(STUDY MATERIAL)
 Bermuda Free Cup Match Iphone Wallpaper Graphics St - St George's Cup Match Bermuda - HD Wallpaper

---

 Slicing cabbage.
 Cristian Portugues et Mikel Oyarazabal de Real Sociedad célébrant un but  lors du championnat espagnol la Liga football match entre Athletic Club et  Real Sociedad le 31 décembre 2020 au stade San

(ACTIVITY)
Using the data above, reproduce exactly the lines between those holding "Slicing cabbage." and "Cristian Portugues et", inclusive, and no others.

(RESPONSE TO THE EXERCISE)
 Slicing cabbage.
 Cristian Portugues et Mikel Oyarazabal de Real Sociedad célébrant un but  lors du championnat espagnol la Liga football match entre Athletic Club et  Real Sociedad le 31 décembre 2020 au stade San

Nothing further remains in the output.